What the exercise asks ▸ Write out the material below again, line for line, without any images.

Data ▸
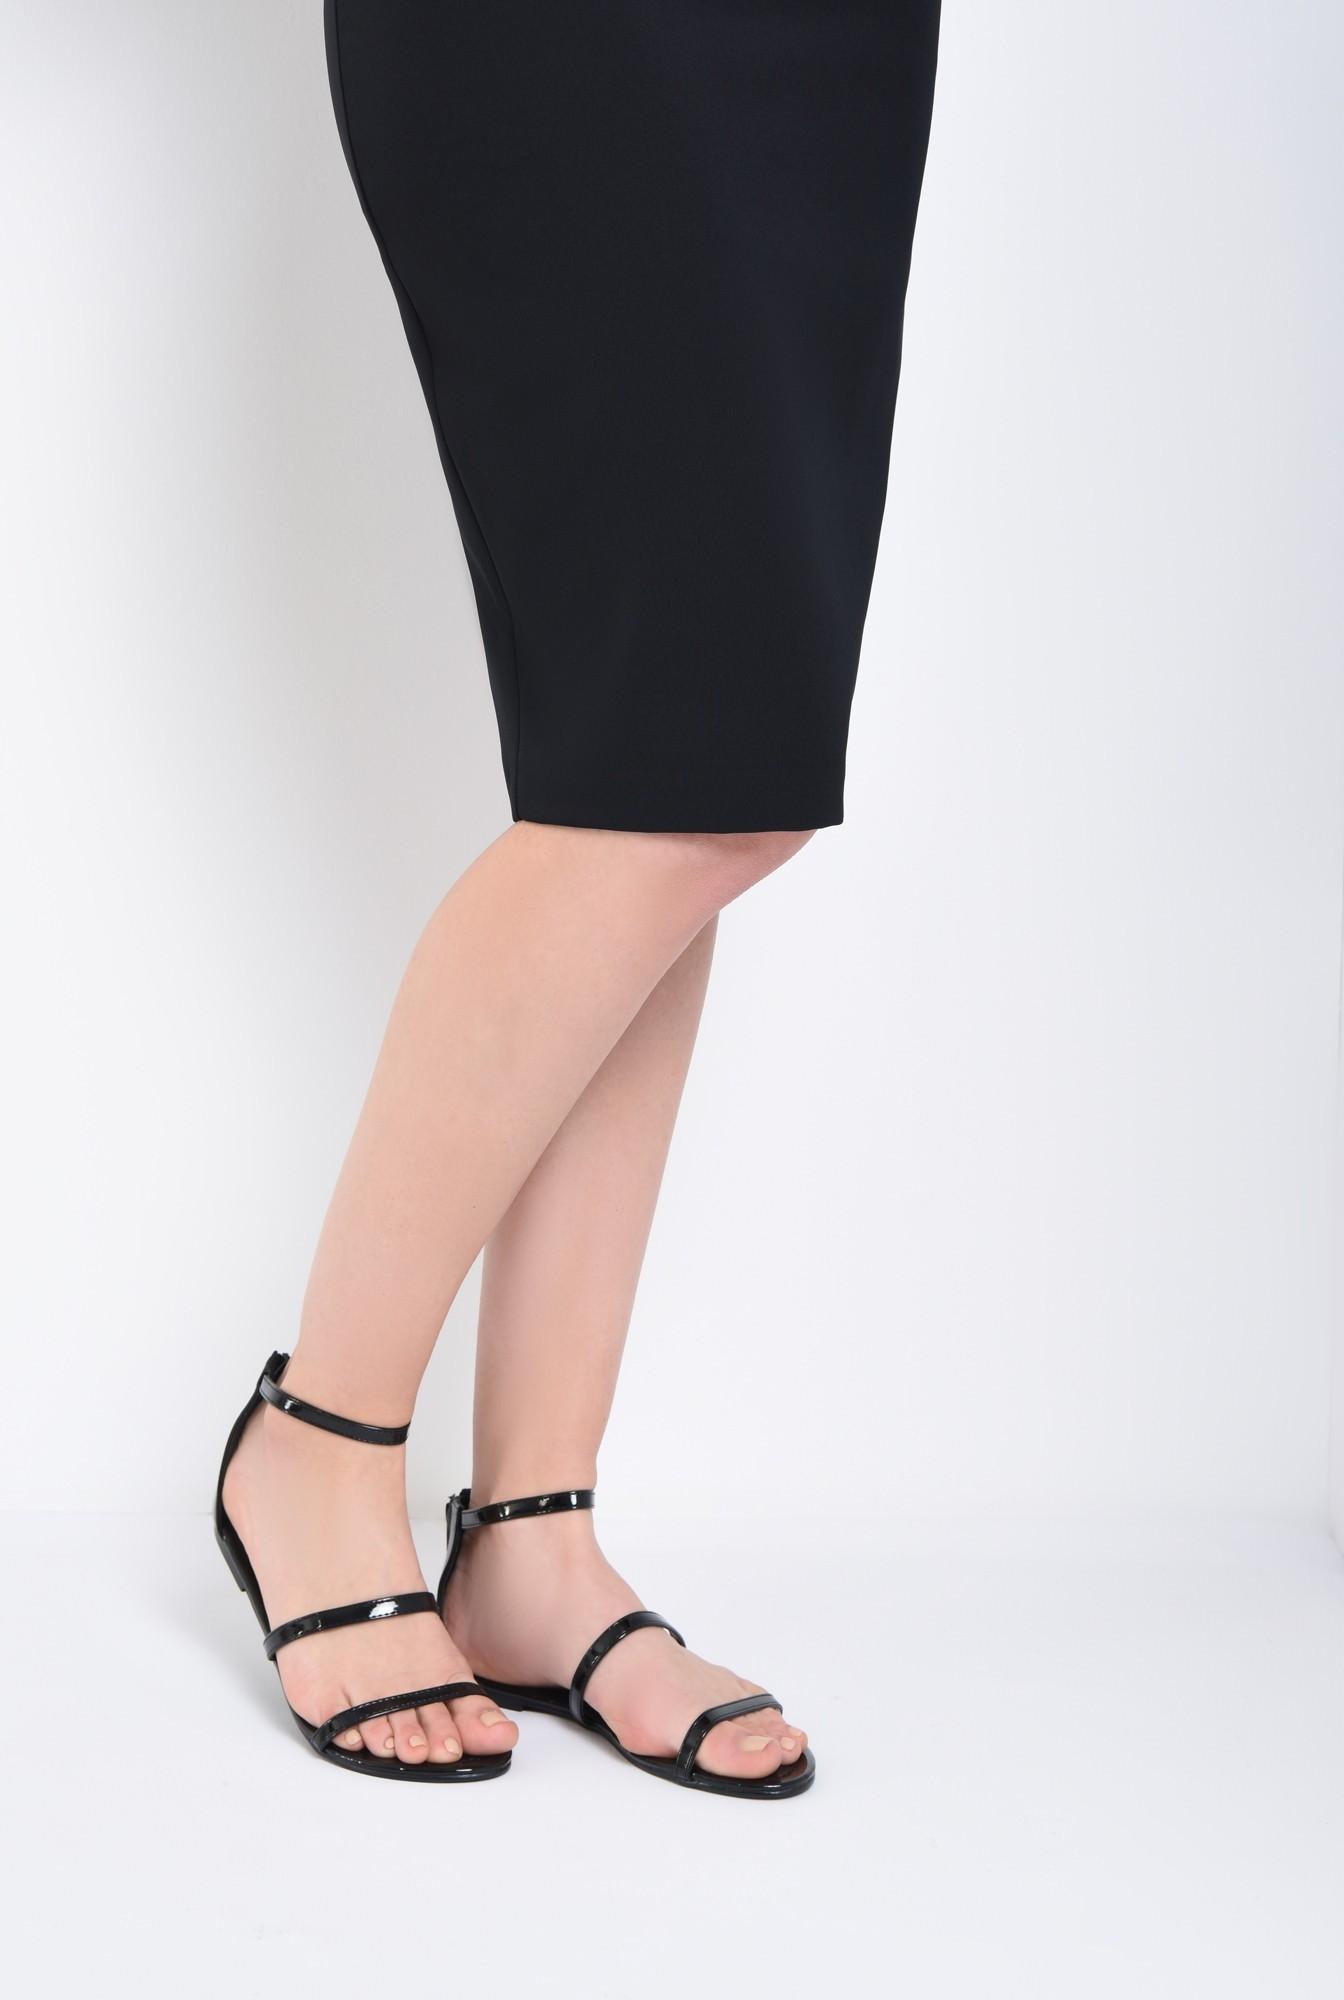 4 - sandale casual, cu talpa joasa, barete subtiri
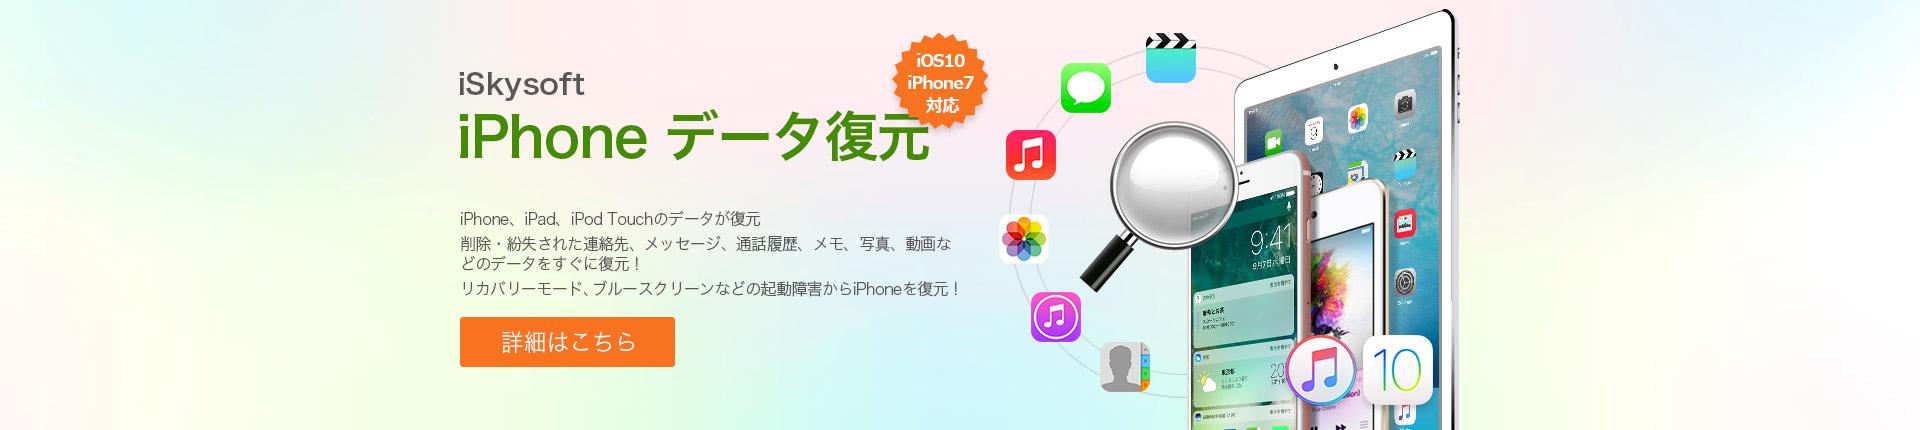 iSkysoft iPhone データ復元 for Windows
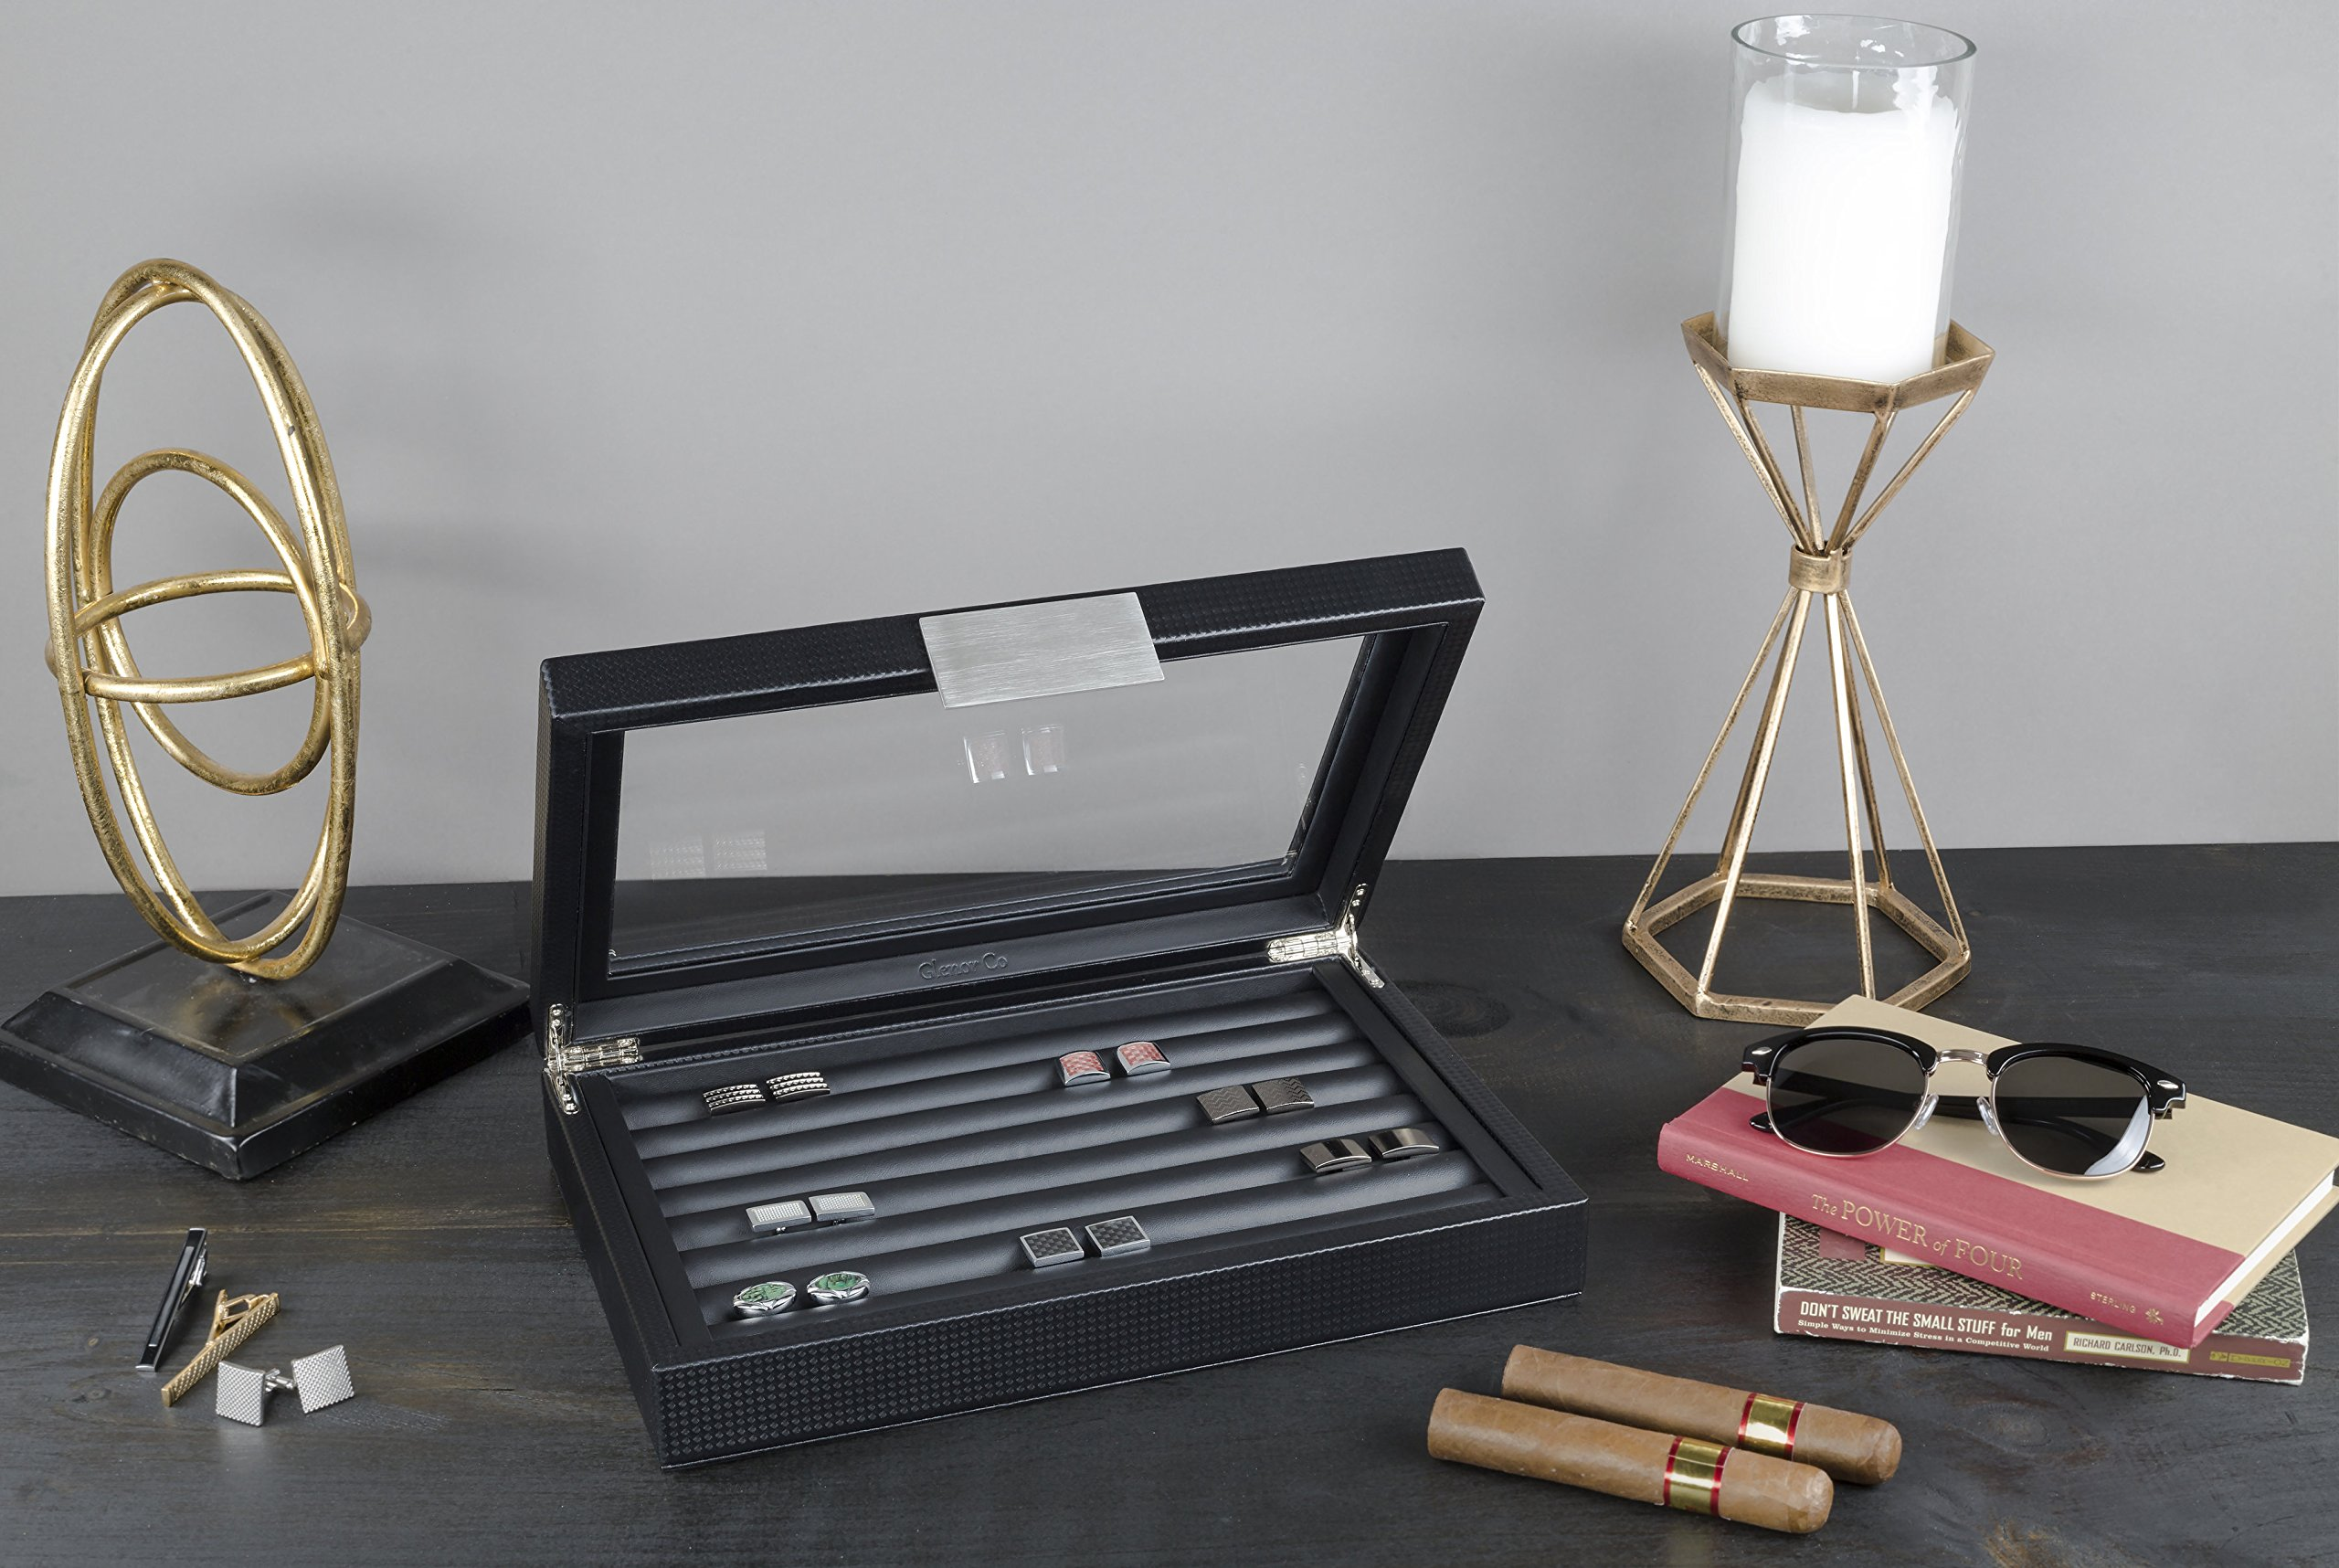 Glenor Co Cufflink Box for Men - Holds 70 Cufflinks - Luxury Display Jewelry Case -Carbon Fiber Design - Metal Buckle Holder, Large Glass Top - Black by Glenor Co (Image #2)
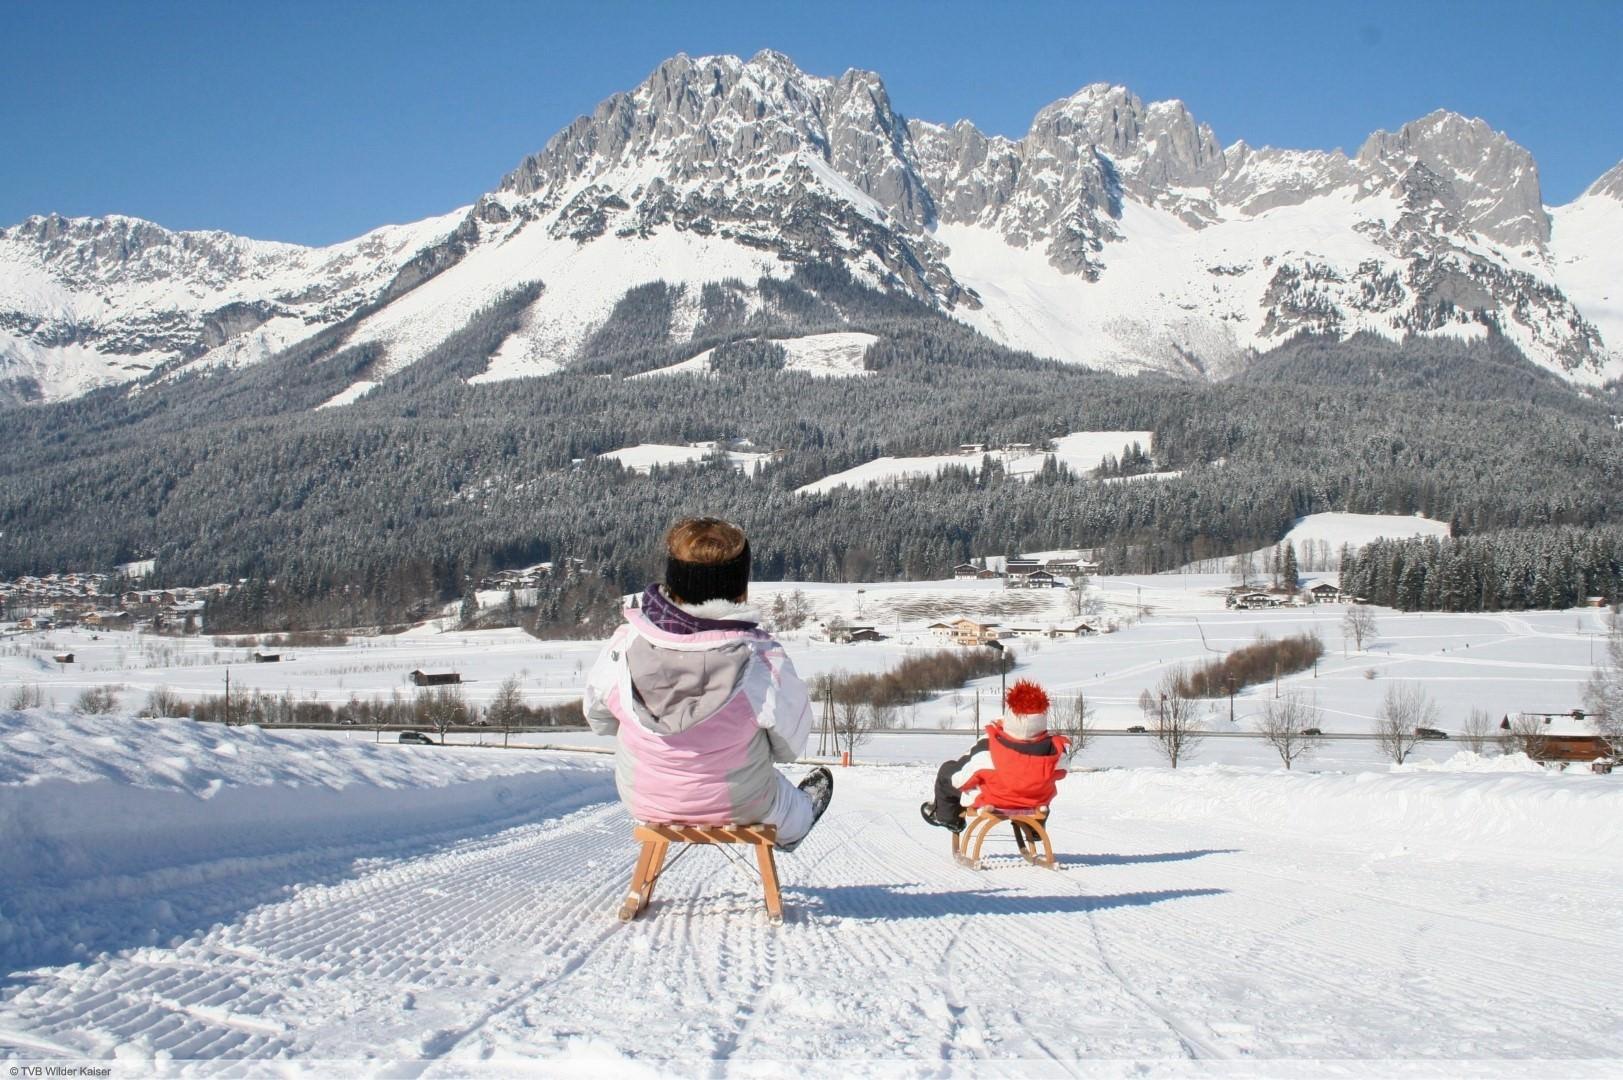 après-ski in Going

Answer to this exercise ▸
 4 - sandale casual, cu talpa joasa, barete subtiri
 iSkysoft iPhone データ復元 for Windows
 Glenor Co Cufflink Box for Men - Holds 70 Cufflinks - Luxury Display Jewelry Case -Carbon Fiber Design - Metal Buckle Holder, Large Glass Top - Black by Glenor Co (Image #2)
 après-ski in Going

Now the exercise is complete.